Глава вторая ШКОЛА (1890–1897)
В школу свел меня брат Федя. Он был тогда уже в третьем классе. Его присутствие в школе очень облегчало мое положение в ней. Мальчик был я робкий, застенчивый и не сильный, а школа гудела сотнями настоящих бойких и крепких драчунов.
Помещалась школа в старом остроге — одноэтажном каменном здании с толстыми стенами и глубокими амбразурами окон. Помещение школы было недостаточно, и младший класс занимал кухню с громадной русской печью, на которую в наказание наша учительница Мария Панкратьевна саживала провинившихся. Она же скороговоркою от частого применения одной и той же словесной формулы, выносила приговоры: «На колени, без обеда, шапку», — что означало: залезть на парту и стать коленями на выступы, чтобы было осязательнее. «Без обеда» — это было добавочное время после окончания школьных уроков: час, два и до пяти. Срок определялся Марией Панкратьевной тут же. А «шапку» она забирала с собою и передавала ее школьному сторожу. Делалось это для того, чтобы наказанный не ушел раньше назначенного ему срока. Однако сторож был умнее и добрее учительницы. Этот старый человек с большой рыжей бородою жил при школе со своей старухою. Комнатушка их была чиста, тепла и уютна. По окончании занятий, когда все расходились и оставались одни «безобедники», он, бывало, и приютит, и пожалеет, и шапку отдаст куда раньше срока. Мы понимали цену его поступка и никогда не выдавали его.
Пришел я в школу, не зная ни одной буквы, должно быть, не полистав раньше ни одной книги. Учение велось сурово. Давалось оно мне трудно. Я был в беспрерывном страхе от всего окружения. Благополучно прошедший школьный день казался мне чудом. Очень больно дрался законоучитель, отец Павел. Это был высокий тонкий человек, больной чахоткой. Его худоба и черный респиратор на губах вселяли ужас. Он бил щелчком по лбу указательным пальцем правой руки. Он не был зол, он был серьезен и вскоре умер, но в его поведении и учении было больше от грозного еврейского бога Ягве, чем христианского милосердия. Я совсем не помню, кто его заместил, а вот он остался в памяти грозной колоритной фигурой, внушающей страх, но и уважение.
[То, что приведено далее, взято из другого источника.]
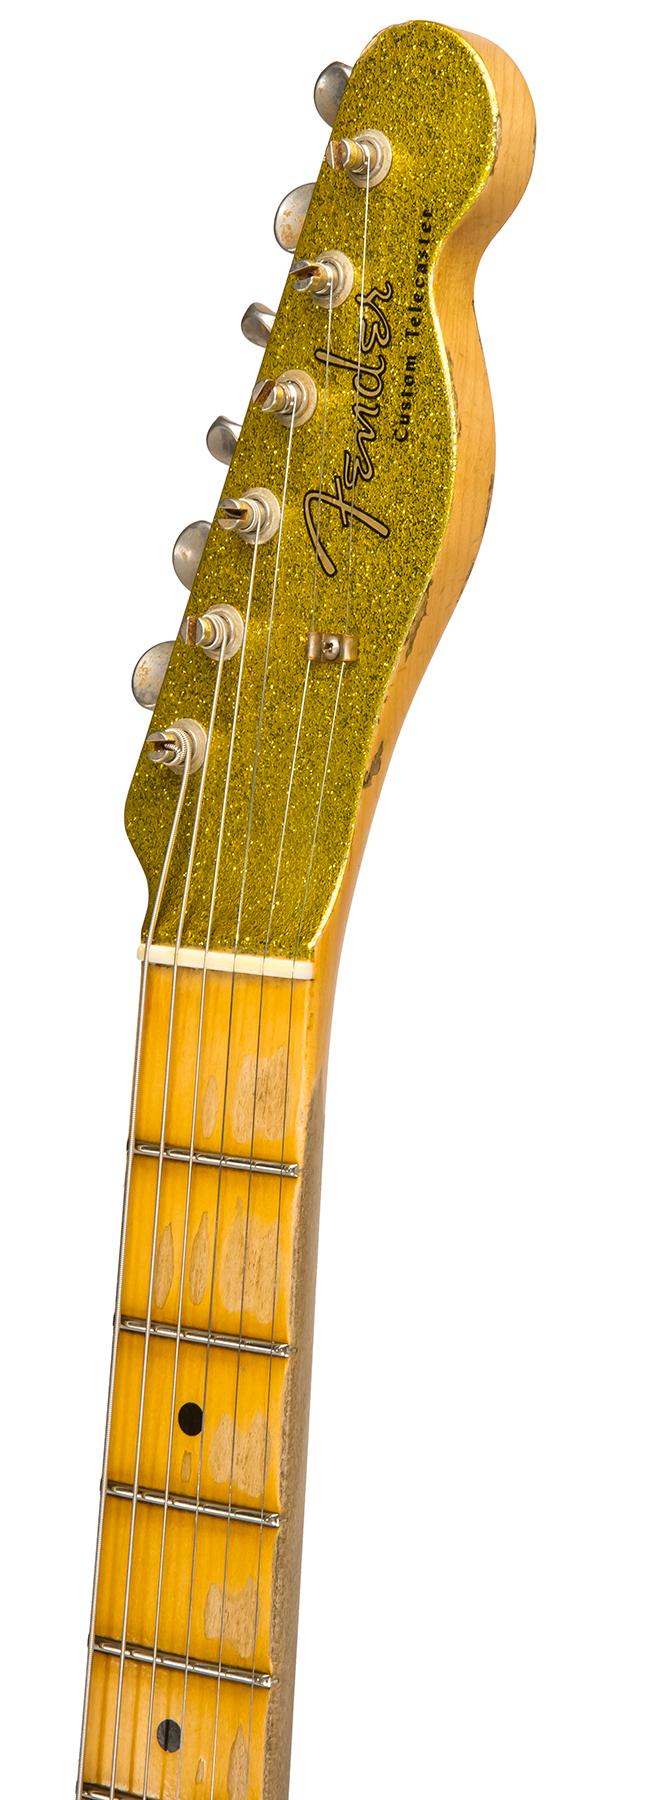 Fender Custom Shop Tele Custom 1963 2020 Ltd Rw #cz545983 - Relic Chartreuse Sparkle - Tel shape electric guitar - Variation 4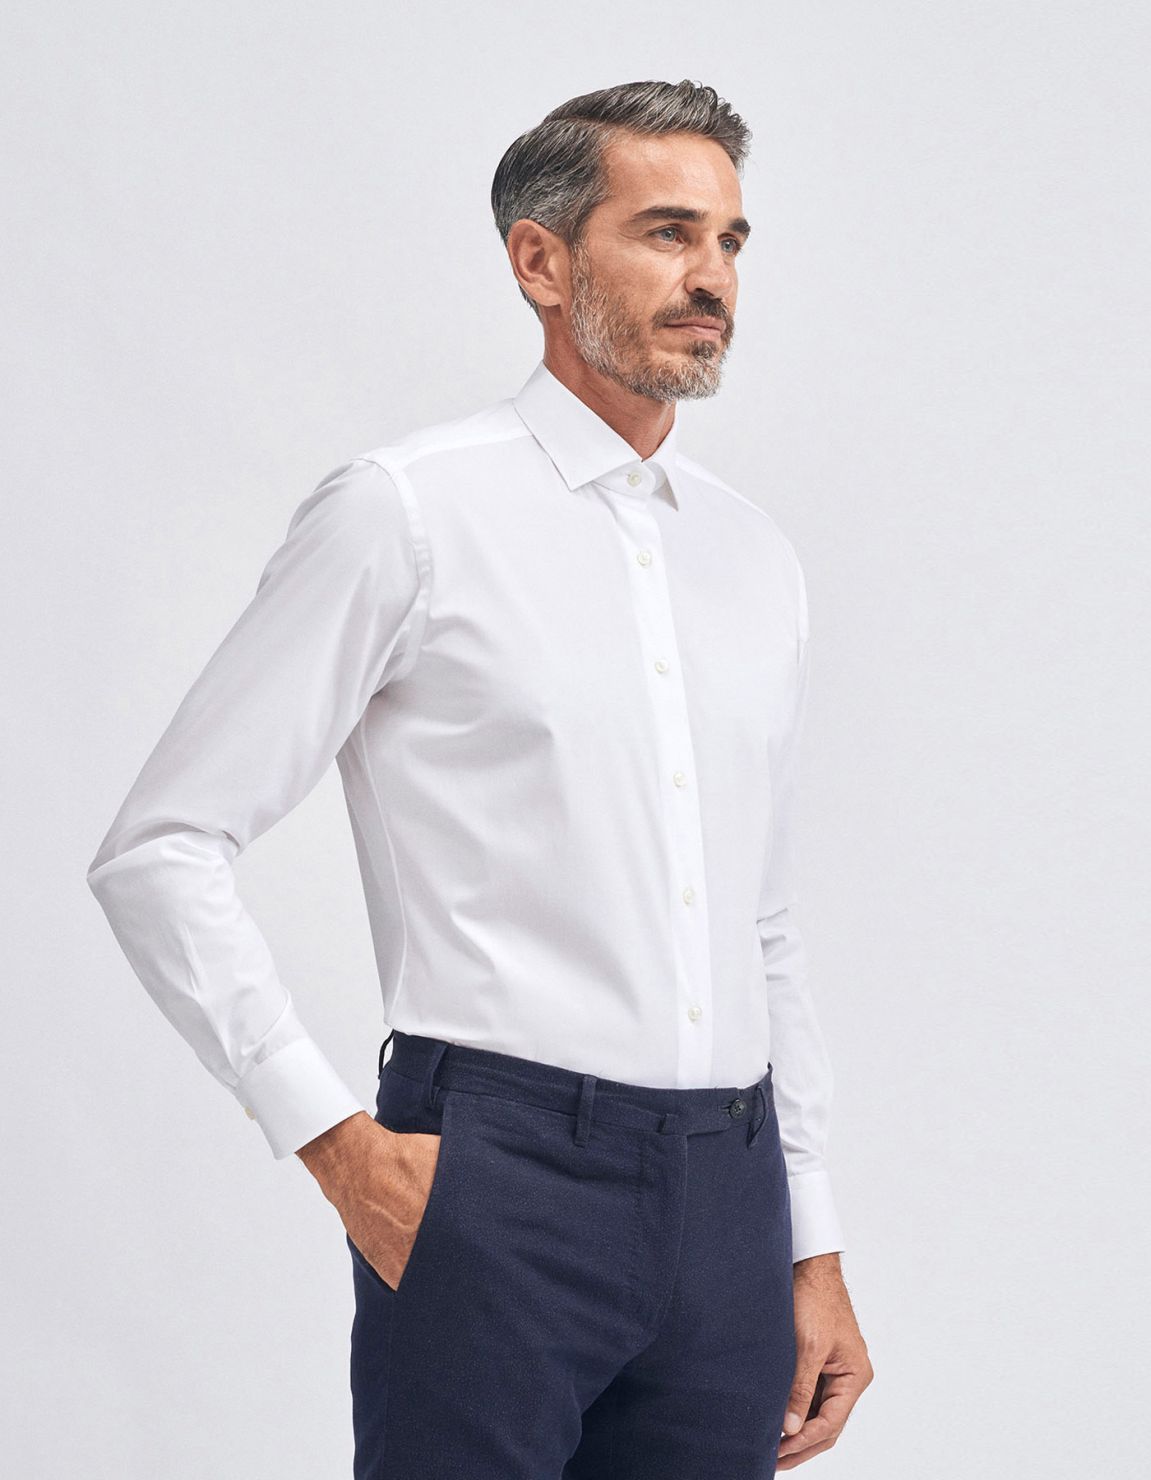 Shirt Collar small cutaway White Canvas Tailor Custom Fit 1

Средний класс вел учитель Петр Дмитриевич. С виду это был добродушный, благожелательный человек, но уже с молитвы перед учением он проявлял свое «коварство». Держа «Часослов» в руках, он, казалось, читал по нем длинный 50-й псалом Давида «Помилуй мя Боже», но на самом же деле, зная его наизусть, высматривал невнимательных к молитве и тут же начинал суд и расправу. Он любил, набравши в течение дня партию «виновных и нерадивых», вести ее к себе через весь город домой. По дороге вся эта партия осужденных плакала или делала вид, что плачет, и громко на всю улицу взывала: «Петр Дмитриевич, простите, больше не буду… Петр Дмитриевич!» На встречных эта картина производила сильнейшее впечатление, но, жалея провинившихся, никто не осуждал наказующего, ибо все твердо верили, что «корень учения есть горек». Петр же Дмитриевич приводил толпу на постоялый двор, который содержал его отец, размещал ее на нарах и заставлял доучивать недоученное. Один раз и я посидел там. В другой же раз, дойдя до угла, откуда шла дорога домой, свернул к себе. Меня за это вначале исключили из школы, затем, оставивши на неделю без обеда, вернули обратно. Стоило это мне многих слез и страха. Пугали «волчьим билетом». Это, по общему толкованию, было такое состояние, что наказанный нигде не мог жить больше трех дней. Его никто не мог пустить к себе переночевать, и он должен был все время пешком переходить с места на место. Словом, положение рисовалось похуже положения «Вечного жида».